Nascido a 9 de Maio de 1930 na Amadora e falecido a 23 de Novembro do ano passado, José Ruy Matias Pinto dedicou a vida toda, literalmente, à banda desenhada. Mesmo depois de morto, o seu legado continuou a crescer e foram três os álbuns lançados no ano passado: Lendas Japonesas, O Mistério dos Templários e A Passagem Impossível.
Não surpreende para quem o conheceu ou acompanhou a sua obra. Publicado pela primeira vez em O Papagaio, aos 14 anos, passou por todas as grandes publicações infanto-juvenis nacionais: O Mosquito, Diabrete, Cavaleiro Andante, Tintin, Mundo de Aventuras… e publicou algumas dezenas de álbuns, trabalhando em BD durante quase oito décadas.
Lançado em Maio último, pela Polvo, Lendas Japonesas retoma um projecto que o autor abraçou ainda em O Papagaio, em 1949: a adaptação da obra original de Wenceslau de Morais.
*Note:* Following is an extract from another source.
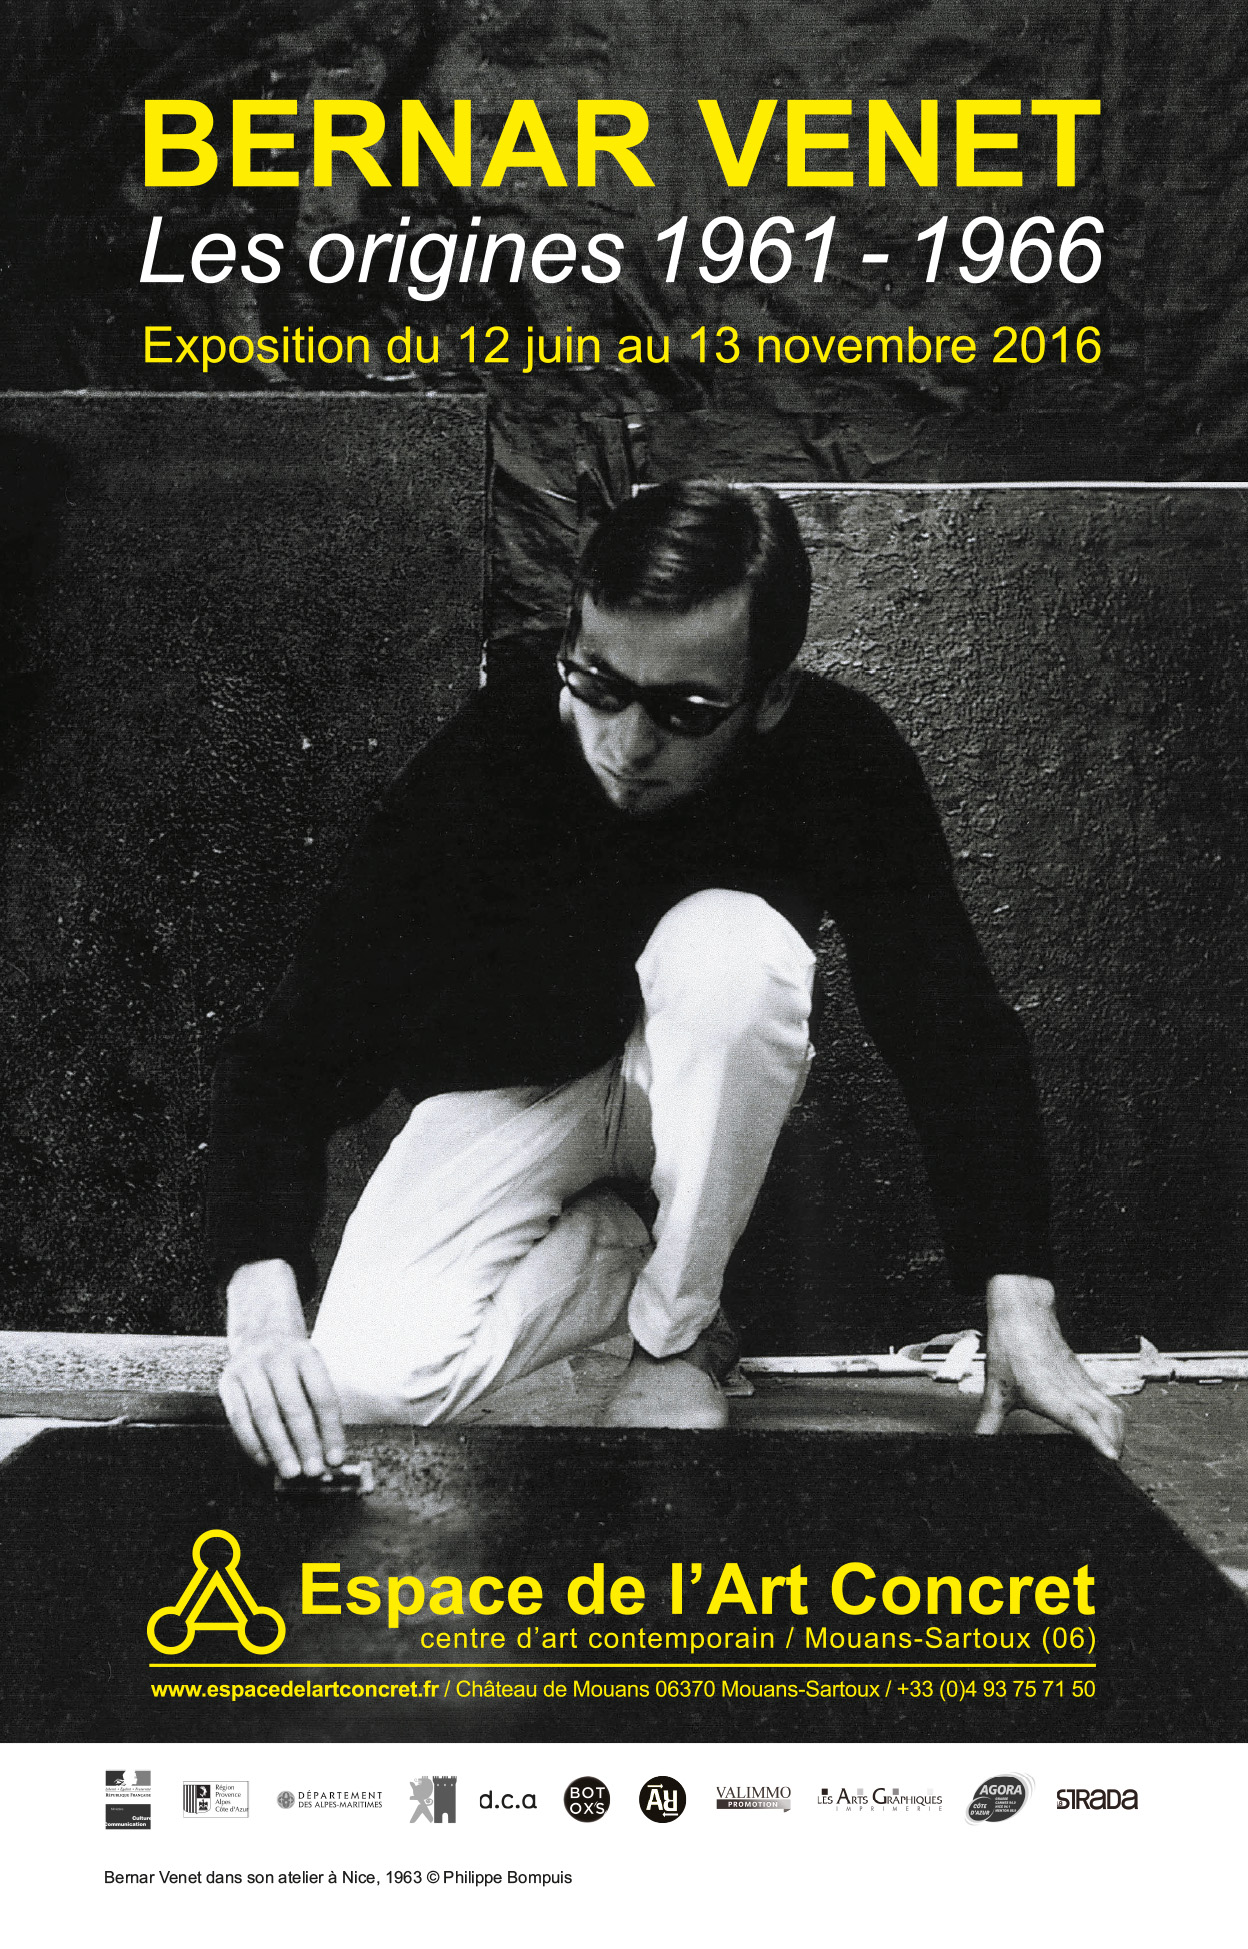 Bernar Venet, Les origines 1961 - 1966

São onze narrativas, de cunho fantástico, que têm como protagonistas deuses com os defeitos dos homens ou homens que querem ser como os deuses. É evidente nelas o cuidado e apuro gráfico que foi colocado na sua realização, cumprindo o desejo de aproximação do registo desenhado ao espírito dos originais, podendo afirmar-se que, depois dos 90 anos, o autor tem aqui um dos seus registos mais conseguidos.
Depois, no recente Amadora BD, a mesma editora lançou O Mistério dos Templários. Rui Brito, o editor, conta que “quando estava a trabalhar com José Ruy nas Lendas Japonesas, ele falou-me neste projecto, planeado alguns anos antes mas que acabou por não avançar. Analisado o material existente, José Ruy voltou ao tema e desenvolveu algumas partes do enredo, de modo a enriquecer a história”.O livro conta a História dos Templários, através de um cavaleiro português e permitiu ao autor explorar uma “Ordem militar e religiosa” que sempre o fascinou “sobretudo pelo mistério da sua extinção criminosamente perpetrada por um monarca de cognome Belo, mas que de beleza de alma nada tinha.”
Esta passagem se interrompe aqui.